Künstler über CTM Festival in Berlin: „Wie kommen wir miteinander klar?“
Musik als Antwort auf Ressentiments: Kurator Jan Rohlf und Künstlerin Bao-Tran Tran über das CTM Festival für elektronische Avantgarde in Berlin.
taz: Jan Rohlf, Bao-Tran Tran, „Fear Anger Love“ – unter diesem Motto steht das CTM Festival in diesem Jahr. Was bedeuten diese Begriffe für Sie?
Jan Rohlf: Mit dem Titel reagieren wir darauf, was in den vergangenen Monaten, Jahren und auch Tagen um uns herum passiert ist. Wir haben – wie viele andere auch – „Fear“ und „Anger“ gefühlt und fühlen dies immer noch. Bei „Love“ im Sinne von Empathie, von Miteinander wäre die Frage, inwieweit sie helfen kann, den gesellschaftlichen Zustand zu verbessern. Musik trägt diese Emotionen in die Öffentlichkeit – das kann Bewusstsein und Wandel erzeugen. Andererseits tragen viele rechtspopulistische Bewegungen ähnliche Emotionen auf die Straße, bis in die Popkultur hinein. Deshalb stellen wir damit auch die Frage, ob wir unsere Emotionen anders formulieren müssen als diejenigen, die für ein derart geschlossenes Welt- und Menschenbild stehen.
Und, müssen Sie?
Rohlf: Ja. Gegenseitige Ablehnung wird uns auf Dauer nicht weiterbringen. Wir erleben es zurzeit täglich: Ressentiment erzeugt Gegenressentiment. Bei aller Entschlossenheit, uns gegen den gegenwärtigen reaktionären Backlash zu stellen, müssen wir auch Wege finden, Polarisierungen zu überbrücken. Wir sollten Emotionen nicht immer nur nutzen, um Ängste zu schüren und Einheit zu beschwören.

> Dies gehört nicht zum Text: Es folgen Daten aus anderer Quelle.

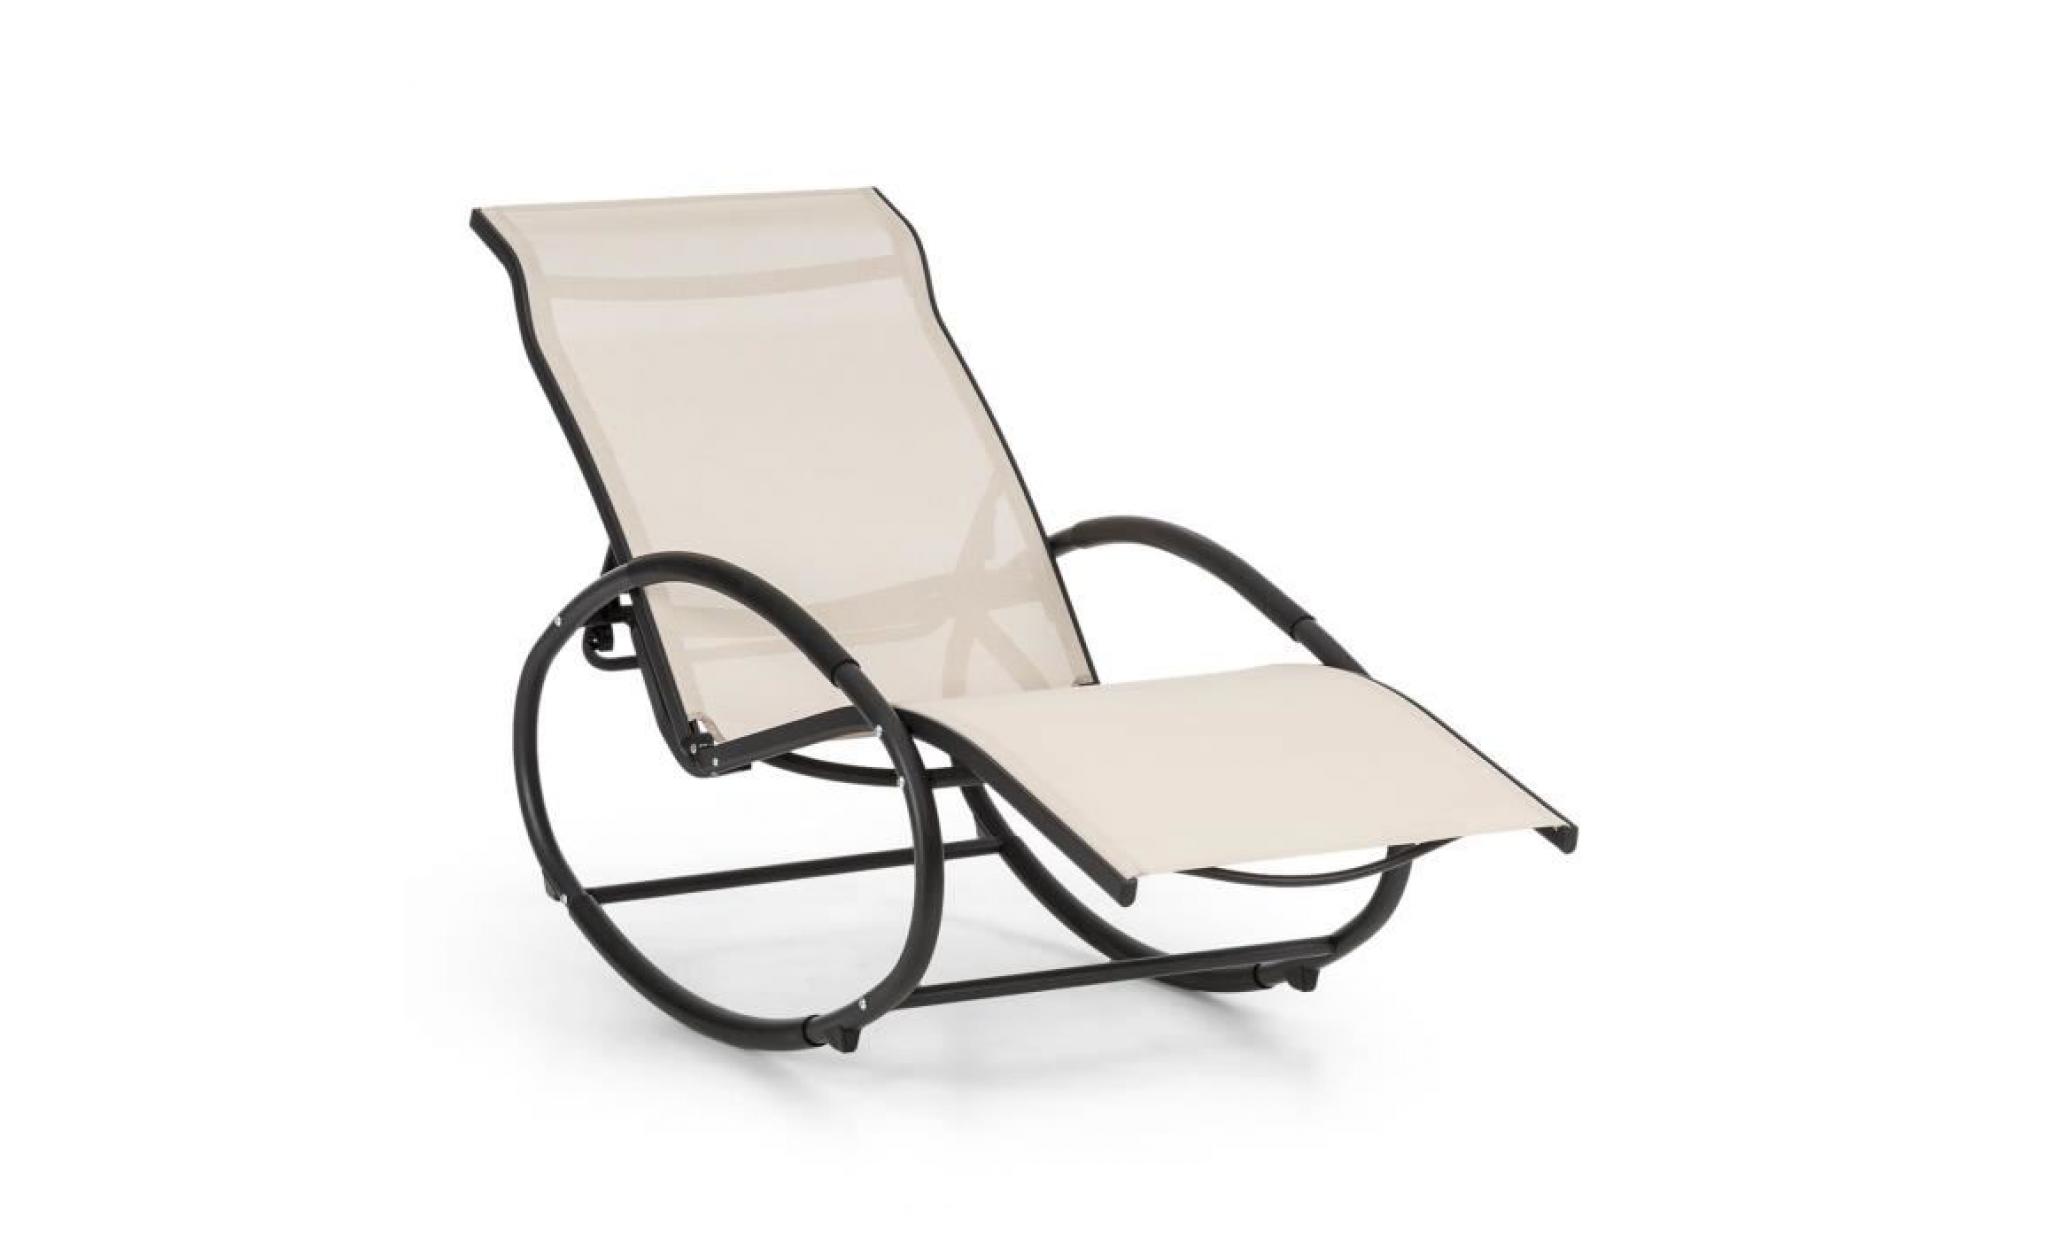 blumfeldt santorini fauteuil à bascule de jardin , chaise longue style rocking chair   tube aluminium   revêtement polyester   beige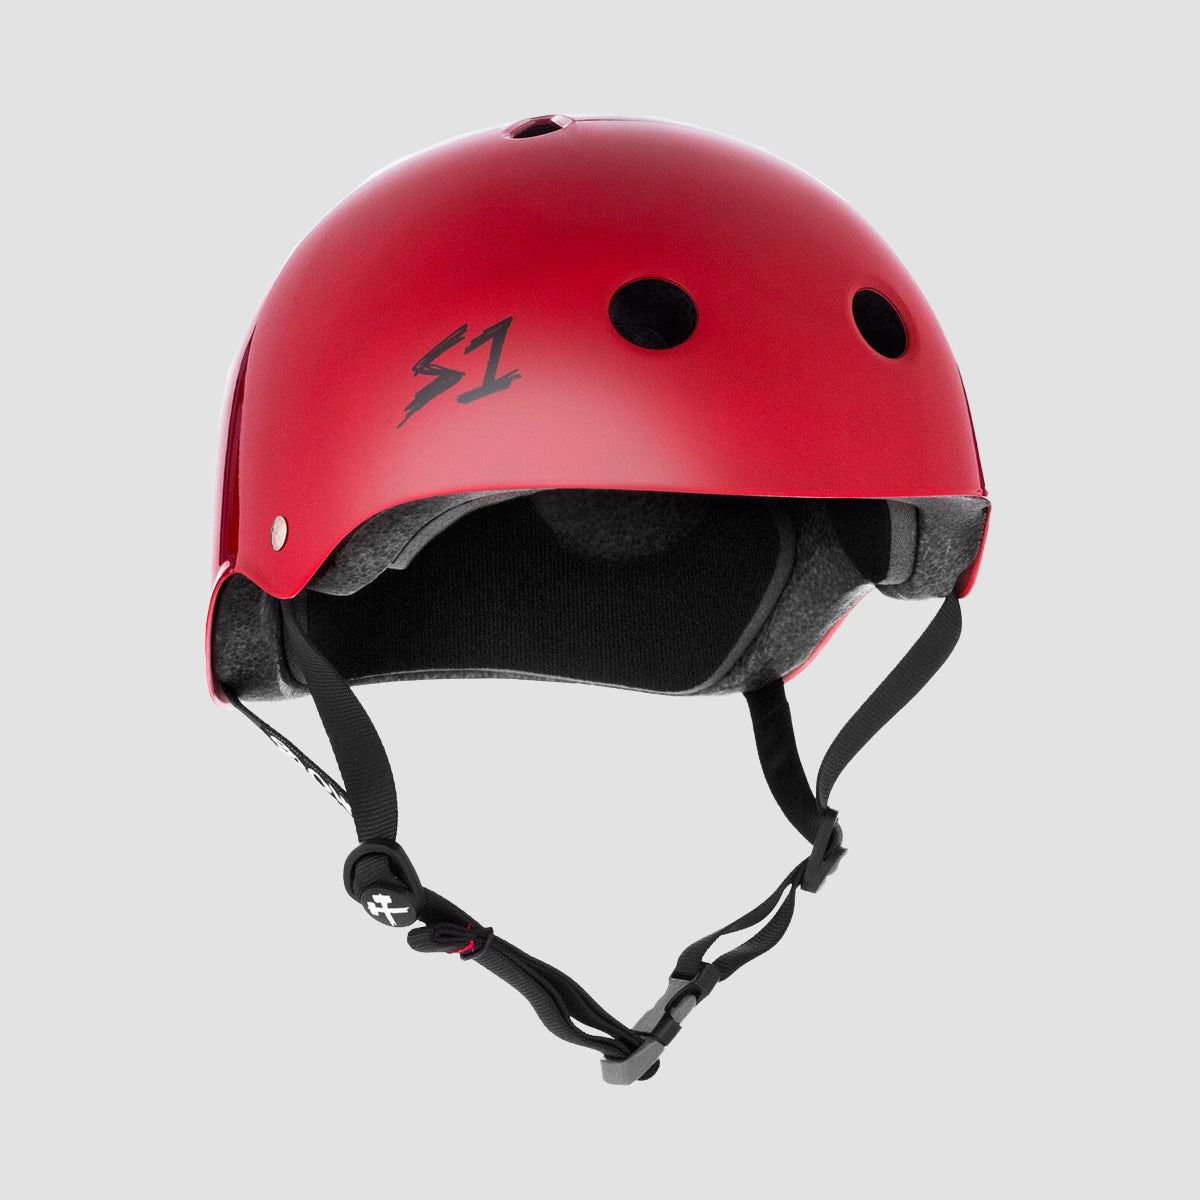 S1 Lifer Helmet Blood Red Gloss

Mit Slogans wie „We choose love“ oder „Love will win“ reagiert die liberale, offene Gesellschaft oft auf repressive und regressive Phänomene. Ist das formelhafte Verkürzen auch ein Problem?
Rohlf: Ich sehe es so: Angst betrifft alle Menschen und Gruppen. Sie bedrängt einen so sehr, dass man an diesem Zustand etwas ändern muss. Wut ist der Motor, mit dem wir die Angst überwinden, um zu einer Änderung zu gelangen. Und wenn man politisch über Liebe nachdenkt, muss man differenzieren zwischen denen, die nur die Menschen lieben, die so sind wie sie – und denen, die auch diejenigen zu lieben bereit sind, die anders sind. Wenn Pegida auf die Straße geht, dann empfinden die auch eine Form von Empathie und Gemeinschaft. Aber es ist eine andere Form als die, die wir hoffentlich vertreten.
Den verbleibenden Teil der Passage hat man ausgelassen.